OverLordGoldDragon / ssqueezepy

Synchrosqueezing, wavelet transforms, and time-frequency analysis in Python
MIT License
599 stars 92 forks source link

Could you provide a find_peaks api like scipy ? #95

Closed eromoe closed 1 year ago

eromoe commented 1 year ago

Since I found scipy.signal.find_peaks_cwt have shifts on every peak. https://stackoverflow.com/questions/25571260/scipy-signal-find-peaks-cwt-not-finding-the-peaks-accurately/68473049#68473049 , and find here .

I tried to modify the function scipy.signal.find_peaks_cwt by replace cwt by ssq_cwt , but I don't really understand cwt , so ask here.

from scipy.signal._peak_finding import _filter_ridge_lines, _identify_ridge_lines
from ssqueezepy import ssq_cwt

def find_peaks_ssq_cwt(vector, widths, wavelet=None, max_distances=None,
                   gap_thresh=None, min_length=None,
                   min_snr=1, noise_perc=10, window_size=None):
    """
    Find peaks in a 1-D array with wavelet transformation.

    The general approach is to smooth `vector` by convolving it with
    `wavelet(width)` for each width in `widths`. Relative maxima which
    appear at enough length scales, and with sufficiently high SNR, are
    accepted.

    Parameters
    ----------
    vector : ndarray
        1-D array in which to find the peaks.
    widths : float or sequence
        Single width or 1-D array-like of widths to use for calculating
        the CWT matrix.
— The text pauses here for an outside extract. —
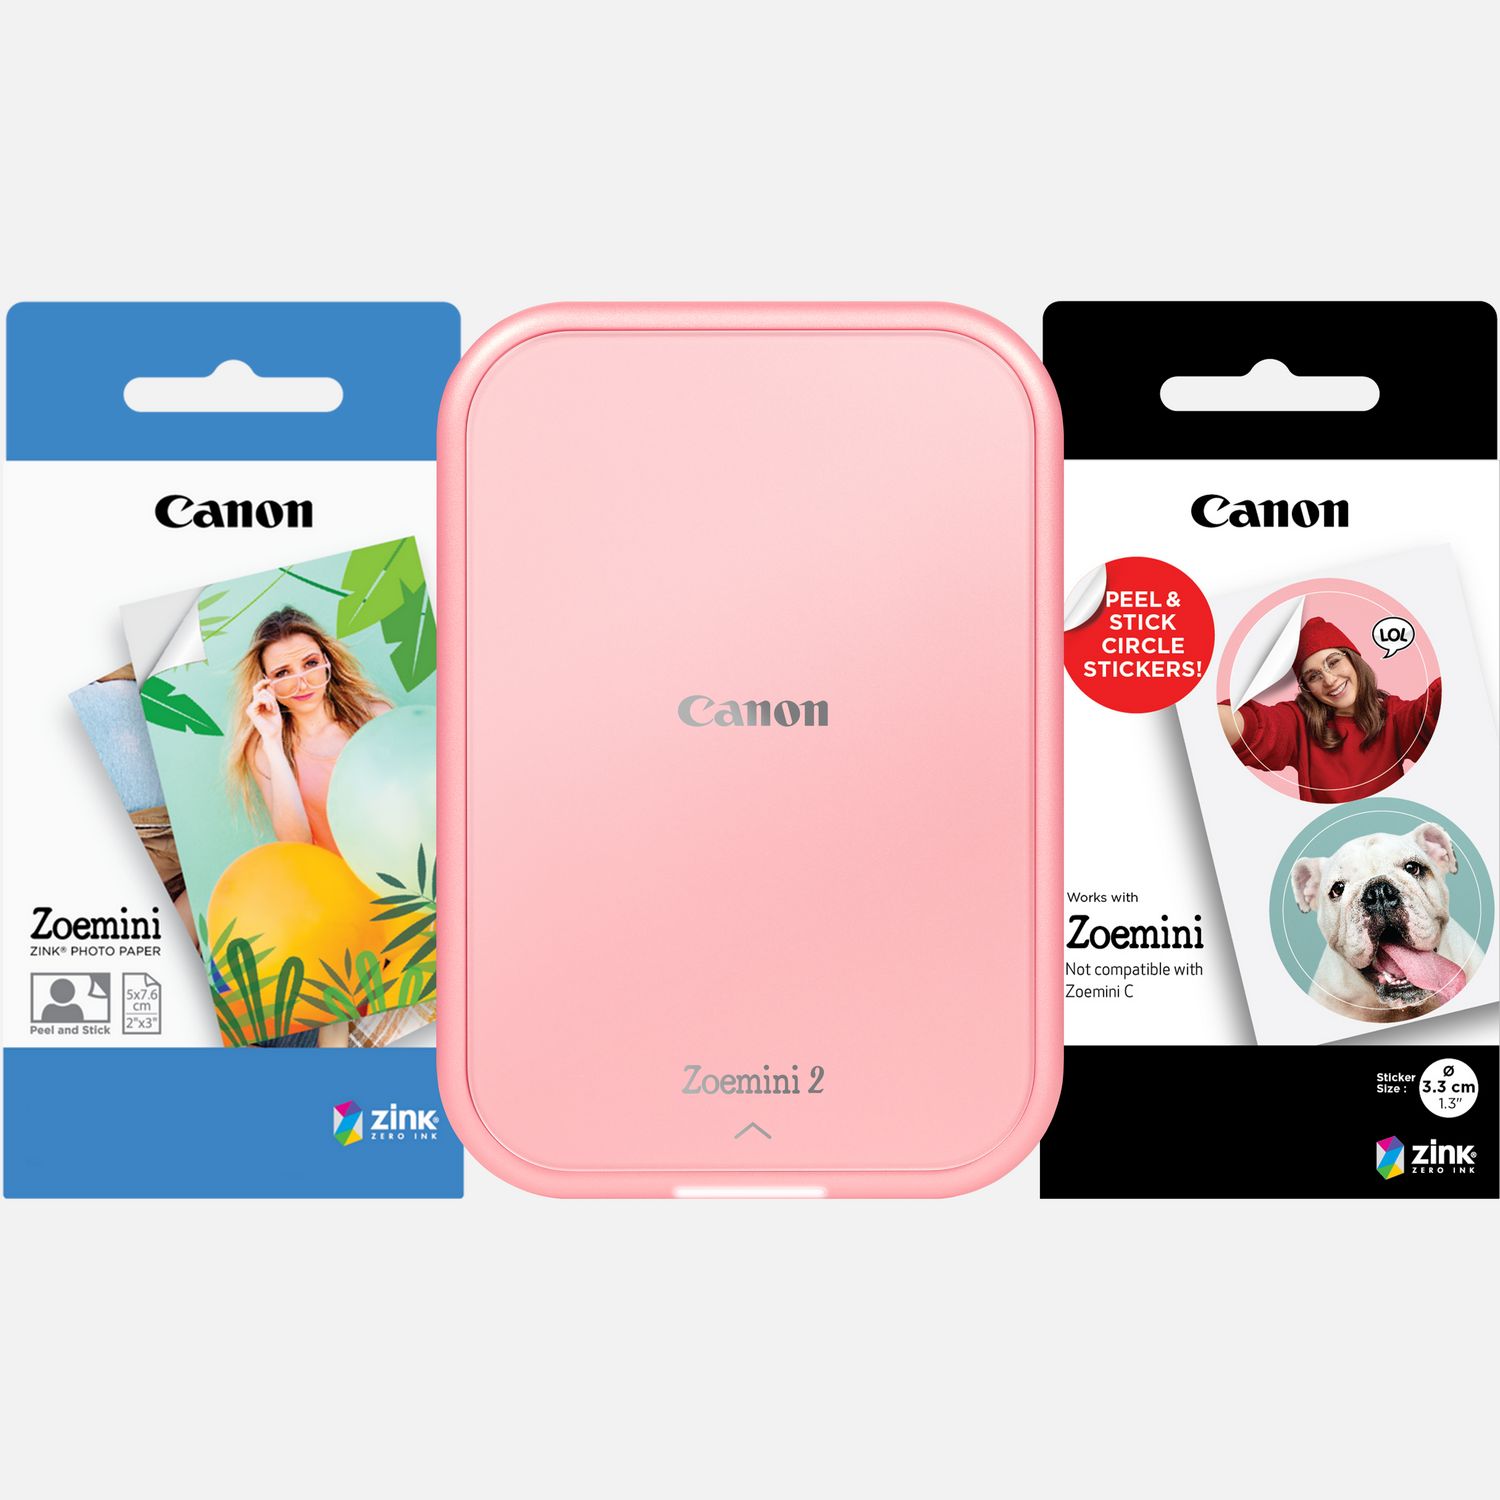 Image of Stampante fotografica portatile a colori Canon Zoemini 2, rosa gold + Carta fotografica ZINK™ 5 x 7,6 cm (20 fogli) + Carta adesiva circolare ZINK™ 3,3 cm (10 fogli)

In general,
        this range should cover the expected width of peaks of interest.
    wavelet : callable, optional
        Should take two parameters and return a 1-D array to convolve
        with `vector`. The first parameter determines the number of points
        of the returned wavelet array, the second parameter is the scale
        (`width`) of the wavelet. Should be normalized and symmetric.
        Default is the ricker wavelet.
    max_distances : ndarray, optional
        At each row, a ridge line is only connected if the relative max at
        row[n] is within ``max_distances[n]`` from the relative max at
        ``row[n+1]``.  Default value is ``widths/4``.
    gap_thresh : float, optional
        If a relative maximum is not found within `max_distances`,
        there will be a gap. A ridge line is discontinued if there are more
        than `gap_thresh` points without connecting a new relative maximum.
        Default is the first value of the widths array i.e. widths[0].
    min_length : int, optional
        Minimum length a ridge line needs to be acceptable.
        Default is ``cwt.shape[0] / 4``, ie 1/4-th the number of widths.
    min_snr : float, optional
        Minimum SNR ratio. Default 1. The signal is the maximum CWT coefficient
        on the largest ridge line. The noise is `noise_perc` th percentile of
        datapoints contained within the same ridge line.
    noise_perc : float, optional
        When calculating the noise floor, percentile of data points
        examined below which to consider noise. Calculated using
        `stats.scoreatpercentile`.  Default is 10.
    window_size : int, optional
        Size of window to use to calculate noise floor.
        Default is ``cwt.shape[1] / 20``.

    Returns
    -------
    peaks_indices : ndarray
        Indices of the locations in the `vector` where peaks were found.
        The list is sorted.

    See Also
    --------
    cwt
        Continuous wavelet transform.
    find_peaks
        Find peaks inside a signal based on peak properties.

    Notes
    -----
    This approach was designed for finding sharp peaks among noisy data,
    however with proper parameter selection it should function well for
    different peak shapes.

    The algorithm is as follows:
     1. Perform a continuous wavelet transform on `vector`, for the supplied
        `widths`. This is a convolution of `vector` with `wavelet(width)` for
        each width in `widths`. See `cwt`.
     2. Identify "ridge lines" in the cwt matrix. These are relative maxima
        at each row, connected across adjacent rows. See identify_ridge_lines
     3. Filter the ridge_lines using filter_ridge_lines.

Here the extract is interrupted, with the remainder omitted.